A second and equally pervasive reason for the continued emphasis on seeking solace in the identification of individuals lies with issues surrounding the legal framework underpinning activities in the care delivery system; the clinical negligence arrangements. As has been highlighted by Robertson and Thomson,6 despite strong arguments following the Bristol Child Heart Surgery Inquiry report7 there has been a continued failure to move away from a model in which the legal profession seeks to prove blame on the part of an individual to obtain financial recompense, an adversarial system of litigation, to an arrangement in which there is an 'open non-punitive environment'. While there are cases that do run based on 'system failure' they are nebulous and difficult to prove: it is so much easier to pin the blame on individual failings.

Stevens8 argued that there is a need to recognise that the choice of evidence used in policy-making is likely to reflect the power to make decisions. If the power in decision-making is not democratic or equally distributed we could not expect the use of evidence to be even-handed. Both the above examples concerning individual regulation and that of the narrative used to 'sell' the expertise in a system are examples of selective use of evidence. Indeed, with the ongoing work to develop a new contractual arrangement to deliver care through the NHS in England, it is imperative that all the evidence is made available from the prototype arrangements and that shortcomings are identified and considered not simply a report on where the system is 'working' well.

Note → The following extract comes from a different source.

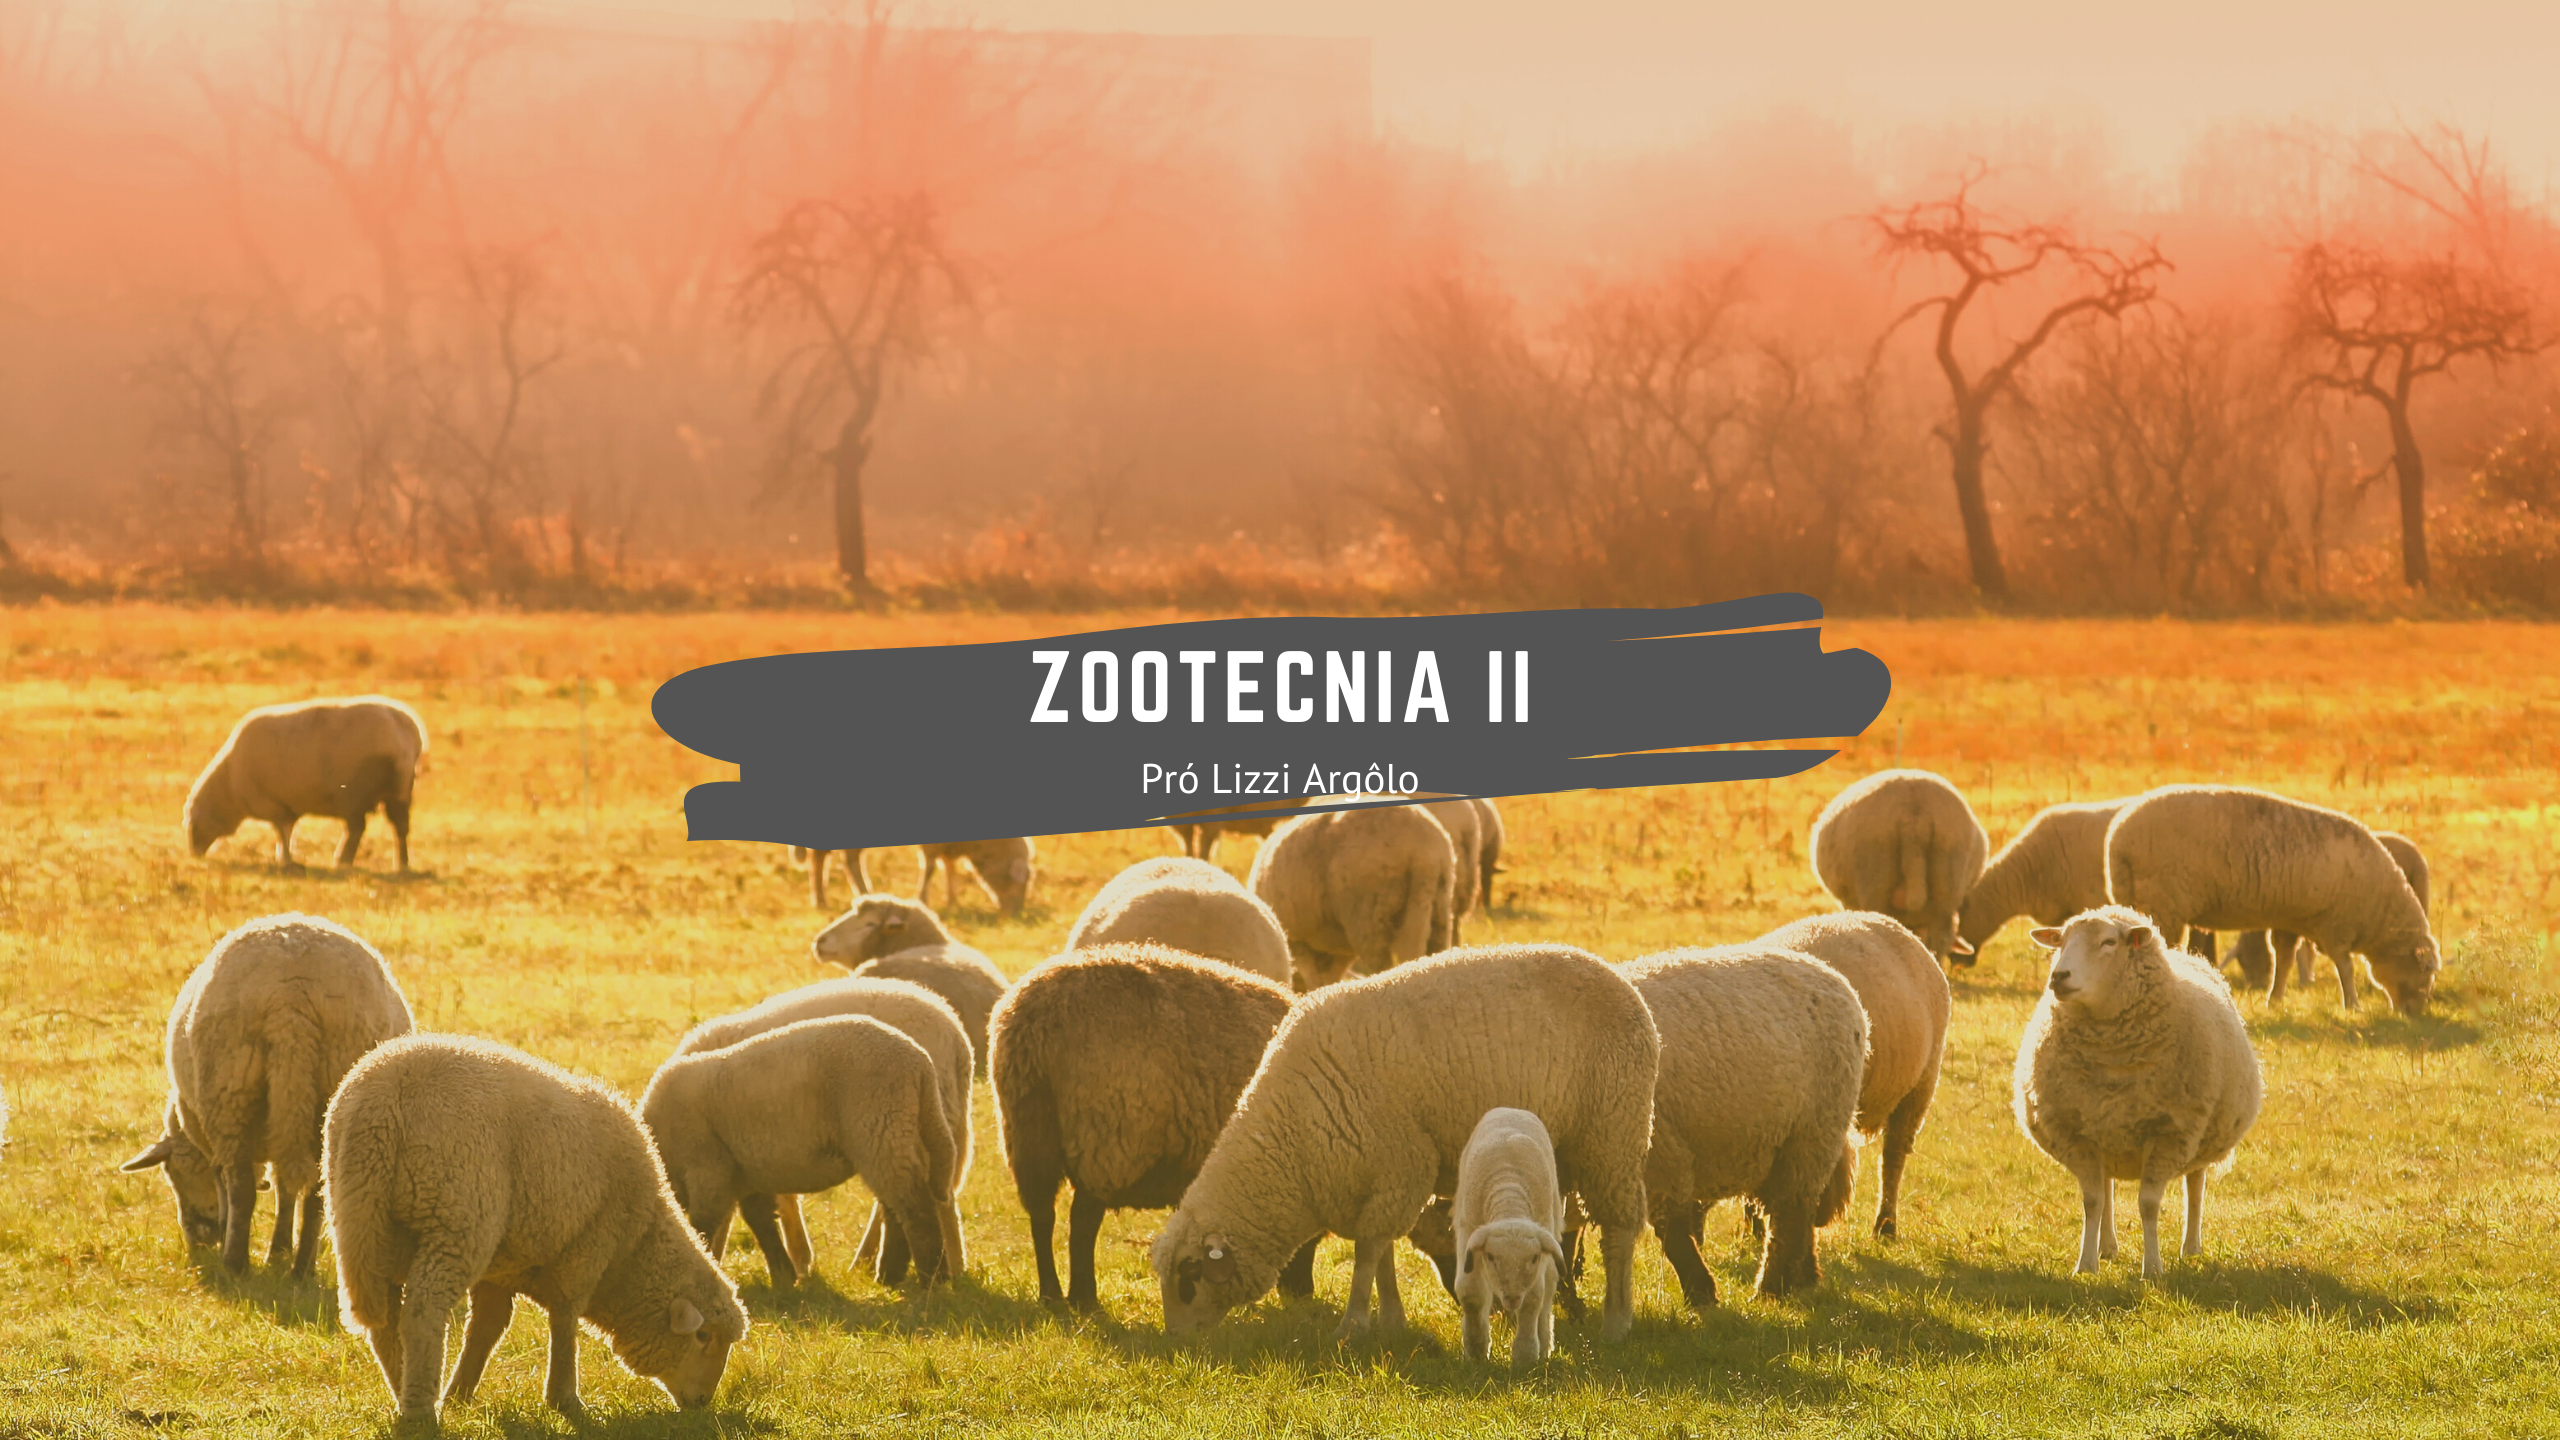 Zootecnia II
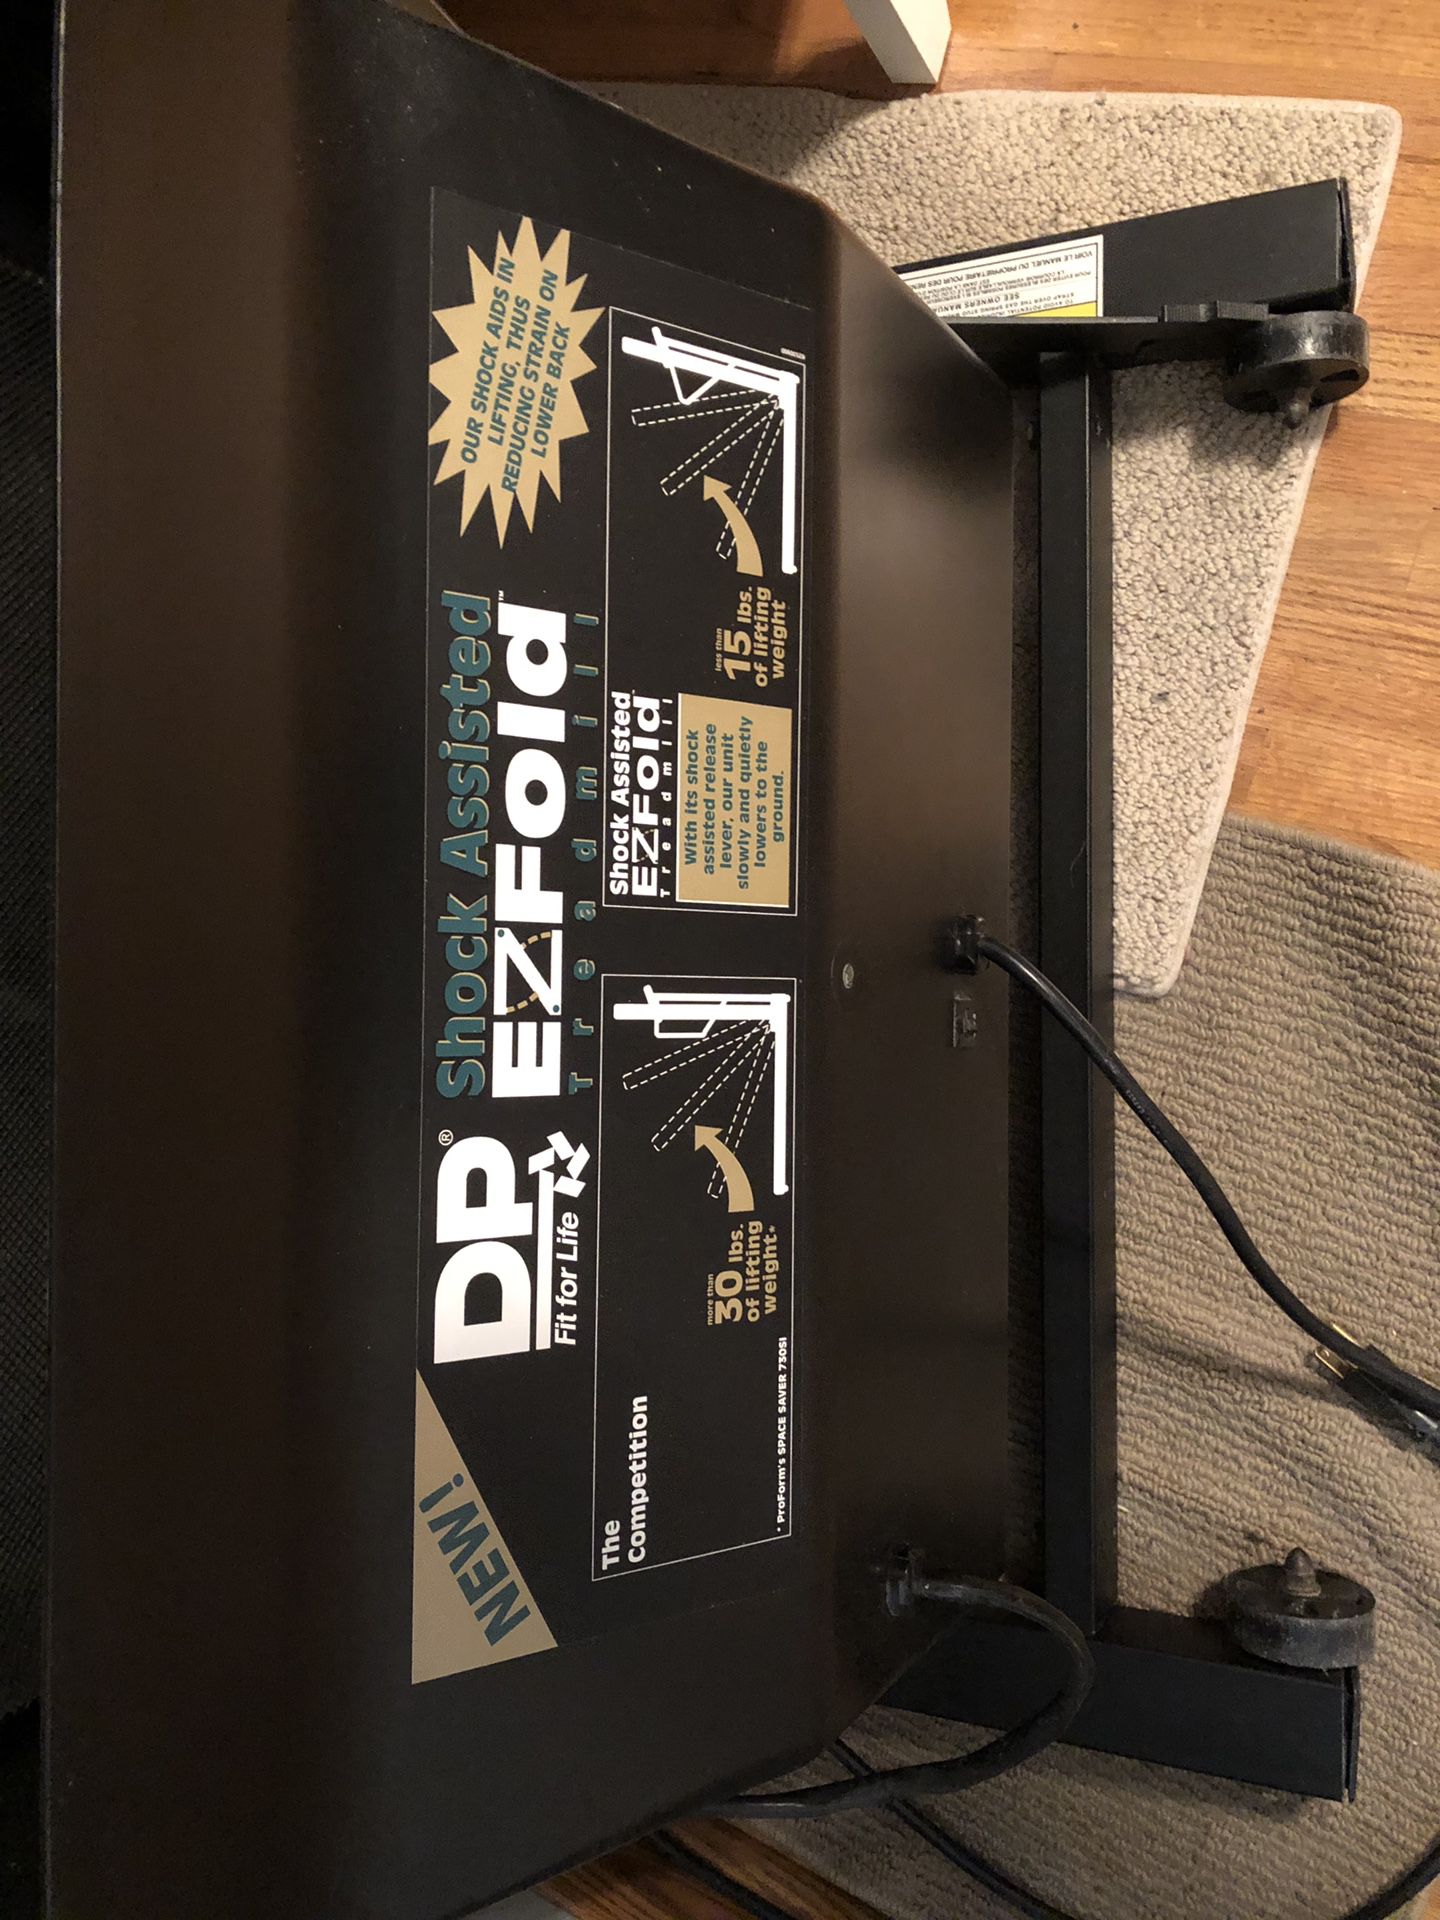 DP EZFold treadmill

If progress is to be made, four key changes are required. First, an acceptance by all parties that the system is a contributor to the wider failings in the qualities of care provision not simply shortcomings in a number of individuals. Second, there is a need to develop a reporting arrangement in which all bodies involved in regulation provide an indication of the contribution that the system as a factor has made to the pool of individuals deemed to have performed poorly. Third, an acceptance that Parliament, and ministers in particular, have responsibilities for the creation of the system in which care provision occurs and a willingness to recognise their role in underperformance. Finally, there is a need to change the approach concerning clinical negligence from one that uses an adversarial approach to one based on an open non-punitive environment, a key feature that has contributed to the improvements seen in safety arrangements in the airline industry. Over 20 years ago, Oxman and his co-workers9 stated:

'There is a need in the area of health professional performance to include appropriate diagnostic strategies (to determine the reasons for suboptimal performance and to identify barriers to change) and to select carefully the interventions most likely to be effective in light of the diagnosed problem.'

Improvements in the governance and subsequent performance of the care delivery system must acknowledge the wider determinants of poor performance, not simply continue to try and identify individuals at one end of a performance distribution at one moment in time. As with improvements in health, the environment in which individuals are asked to carry out their activities is critical. Under performance of certain individuals will always come to light when examining a distribution of performance: someone has to be at the tail end. However such an approach fails to recognise the wider determinants of performance; the environmental context of the system. Recognising and accepting the limitations of a delivery system, being able and willing to 'speak truth unto power'10 and acceptance by policy makers would be a start.